What does a typical day in the life of a data scientist look like? How do they spend their time at work? And how much does it all cost? We decided to find out more.
In order to get more of an insight into the working lives of data scientists, we asked them “What percentage of your time do you spend on each of these tasks?”
Table of Contents
In this article, we’ll reveal what our 100 respondents had to say about how they spend their day and the approximate costs involved.
- Roughly half (44%) of those who answered our survey said that they spent at least 50% of their time on analyzing data using code – whether Python, R or something else entirely. However, 7% stated that they did not spend any of their time at all analyzing data with code, instead dedicating it to other tasks, such as talking to clients.
- Just under a third (31%) spent about half of their time working on projects involving the programming language Python, while 17% said that they spend less than 10% of their time on Python-based projects. You can consult with the RemoteDBA administrators.
- Data scientists are spending just over 20% of their time modeling data using machine learning algorithms, whether supervised or unsupervised – this makes sense when you consider that Dataiku DSS was the most popular tool for this task among our respondents. Machine learning experts also dedicate 16% of their time to preparing data sets for analysis and 15% writing SQL queries or Hive scripts, whereas 8% spend their time on R and 5% on Scala.
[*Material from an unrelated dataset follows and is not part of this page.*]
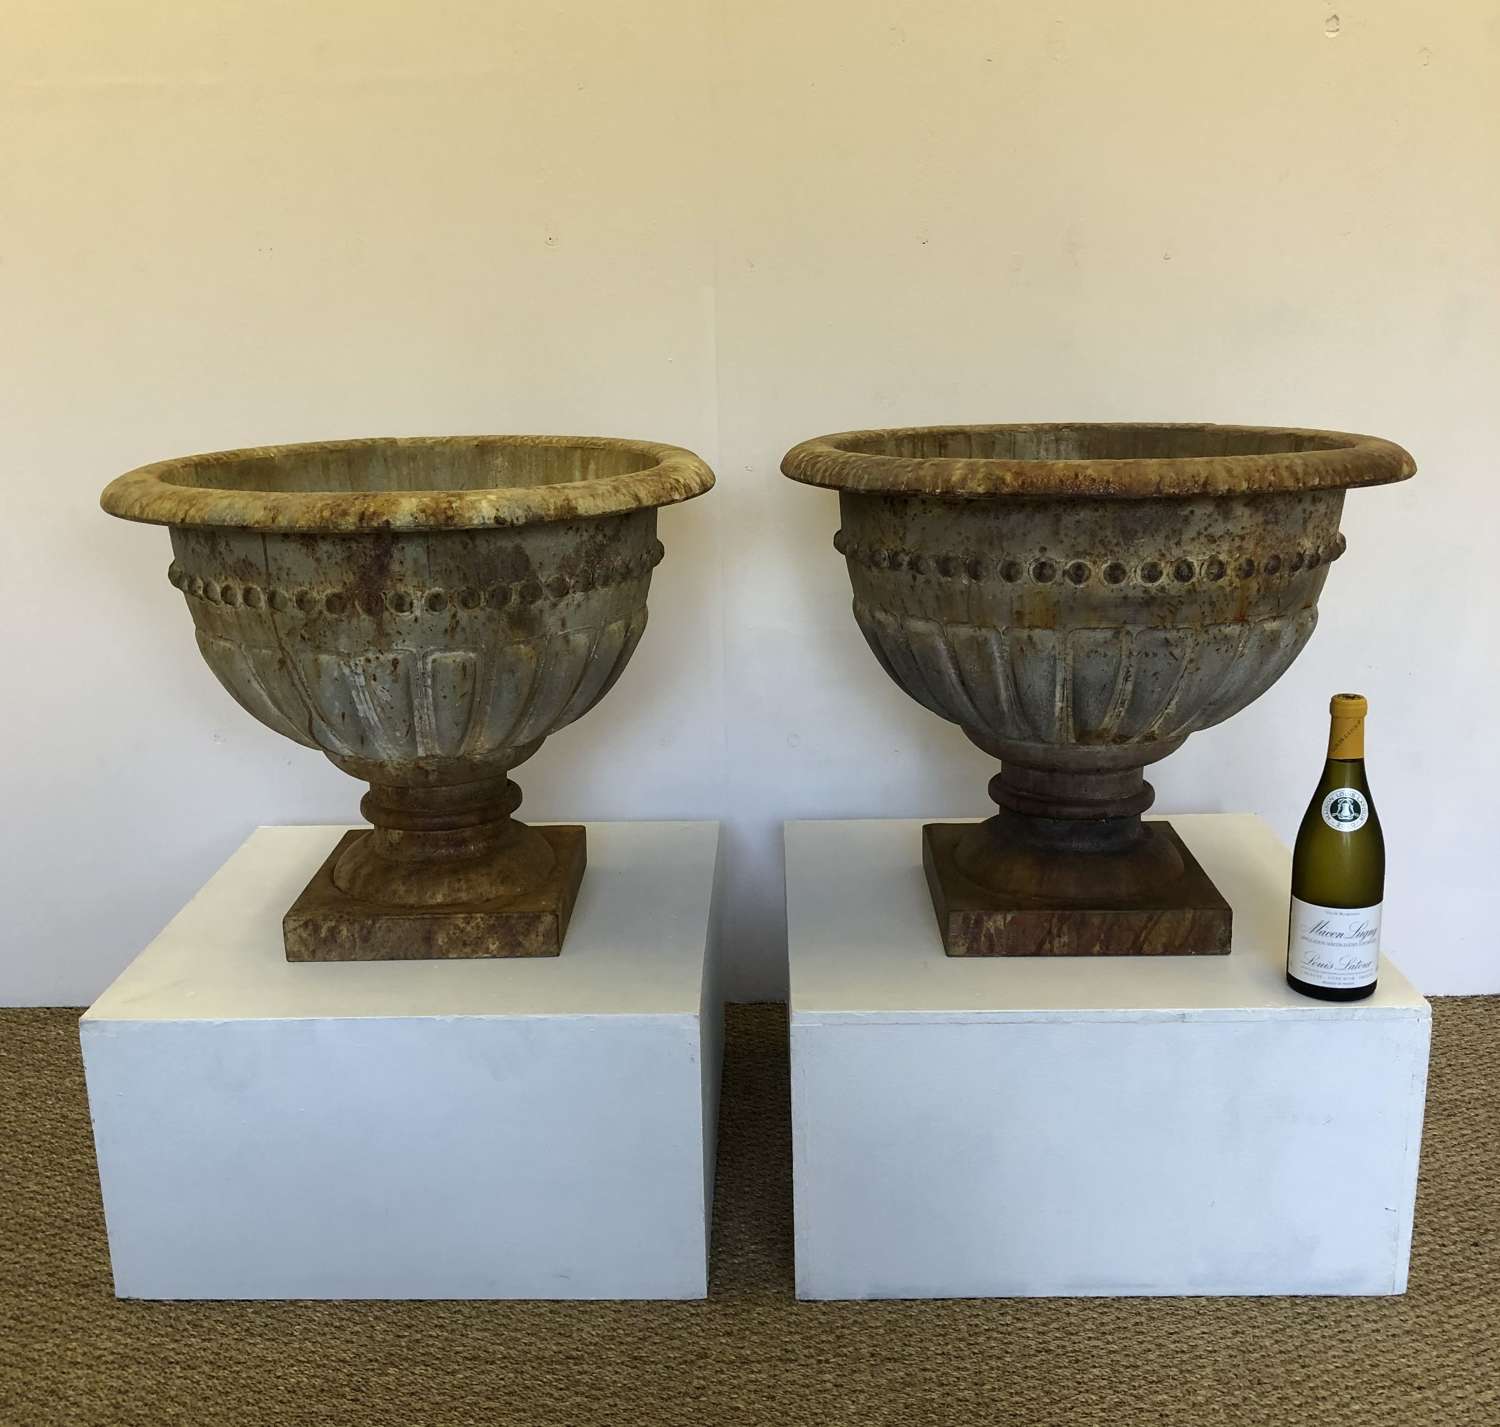 A large pair of Zinc orangery urns

- When it comes to the tools used by data scientists, Microsoft Excel – unsurprisingly – takes second place with 29% of our respondents using it for between one and 10 hours a day. Python was in third place (24%), while Tableau came in fourth (9%). The “other” category allowed some people to express that they use Matlab, SAS and Spark – none of these were selected more than 1% of the time though.
- Data scientists who answered our survey work at organisations such as tech companies (19%), financial services firms (16%), consulting companies (14%) and online businesses such as ecommerce sites or search engines (12%). Dataiku also noted that around 20% work at government agencies, academic institutions and small businesses with less than 50 employees.
- Even though data scientists spend a significant portion of their time programming, almost half (44%) work on projects that involve analyzing large data sets – this suggests that they are involved in tasks such as optimizing business processes or analyzing customer behaviour.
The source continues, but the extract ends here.